Zurik: “But you’re not following the policy.”

Zahn: “Well, most administrations have never had to deal with what you’re looking at here. City Hall, does this look open? This city hall right here is not open.” Zurik: “But the city government’s open.” Zahn: “City government’s open… and city government had to continue in some type of form. And that’s what we continued to do.”

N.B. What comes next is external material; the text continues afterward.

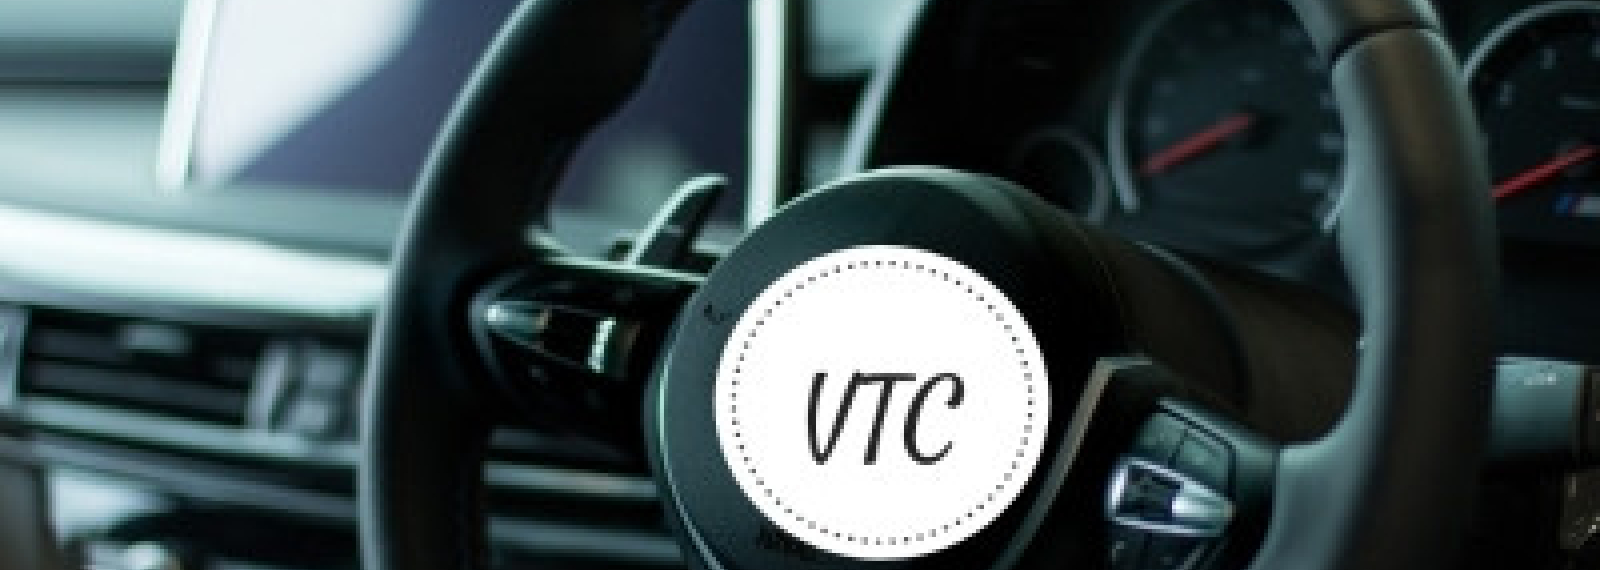 Cab Cap VTC
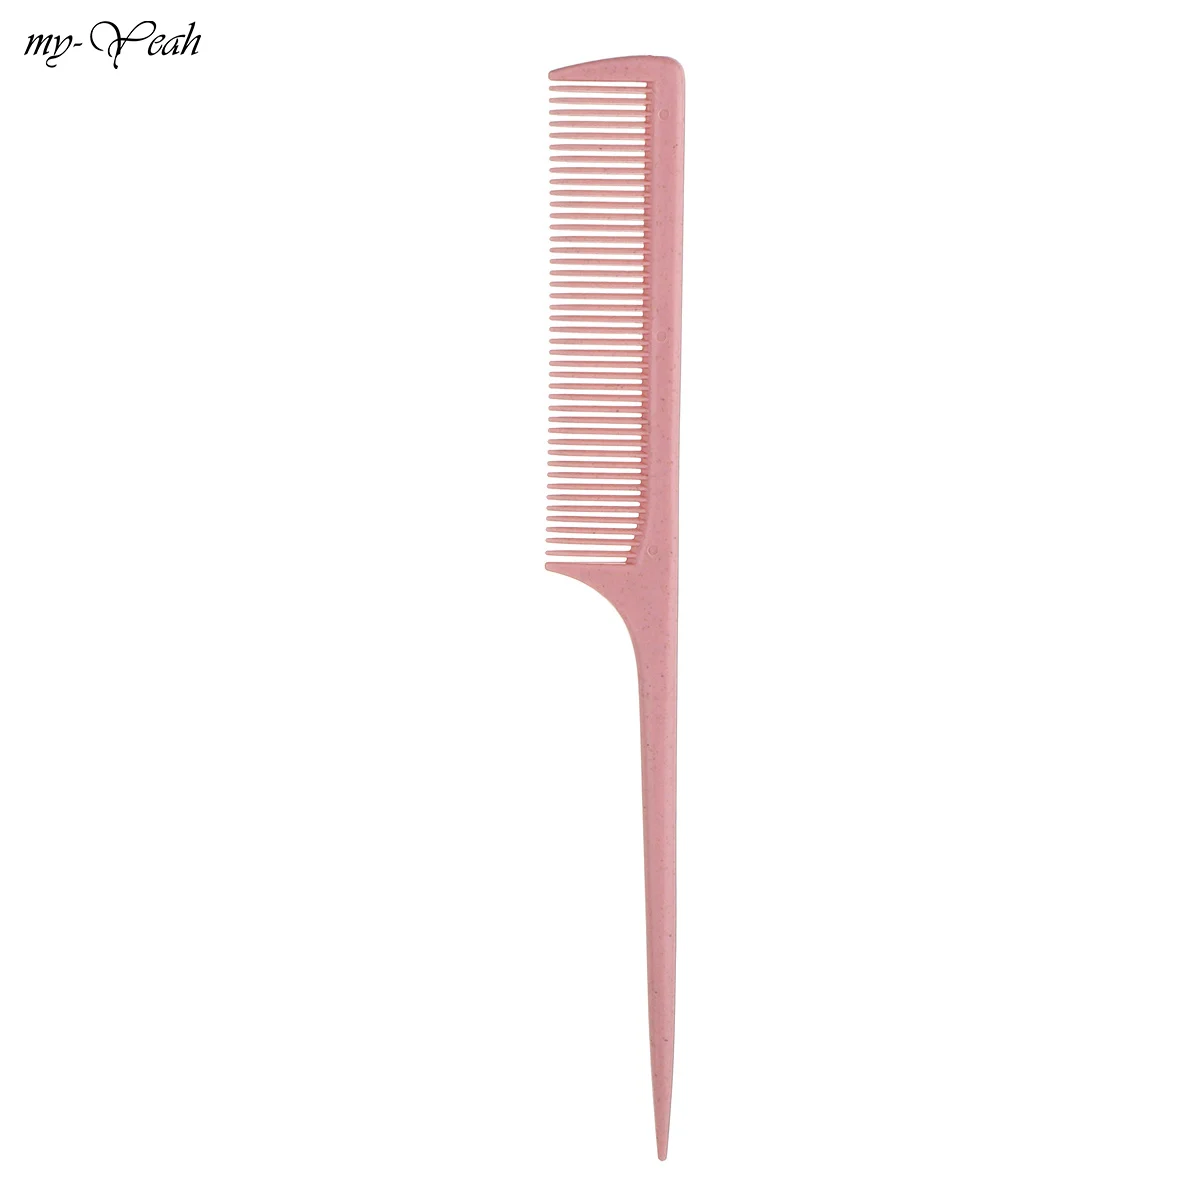 2 шт./компл. Анти-статический парикмахерские широкие/тонкой зуб расчески для салона для стрижки волос Detangling парикмахерские щетки для волос инструмент для укладки волос

Zurik: “But late September, city government, the offices reopened.” Zahn: “You’re going on a on a Facebook post that we put out, not a legal document. There’s a legal way of doing it. There was a Facebook post, we went on a Facebook post that we were restoring City Hall to the people of Kenner. Like I said, City Hall has never taken this much devastation before.” Zurik: “But the city was open.” Zahn: “City, well, city was open.” Zurik: “City government was open. The policy says for employees who essentially aren’t essential and they don’t come into work, they can stay at home but still get paid. And then the people who are working, who are essential, are still get their money, but then they also get this additional money for any hours they are working. Well, those employees who were at home had returned to work and we’re getting paid.” Zahn: “Correct.” Zurik: “So the policy was not being followed.” Zahn: “Right. The policy was written by another was written years ago. We were following the policy to where we felt we needed to follow it.”

Kenner Councilmember Tom Wilmott wants reforms to the current disaster pay system. Under his new proposal, employees could only be paid disaster pay for five days. Anything beyond that would need to be approved by the Kenner Council.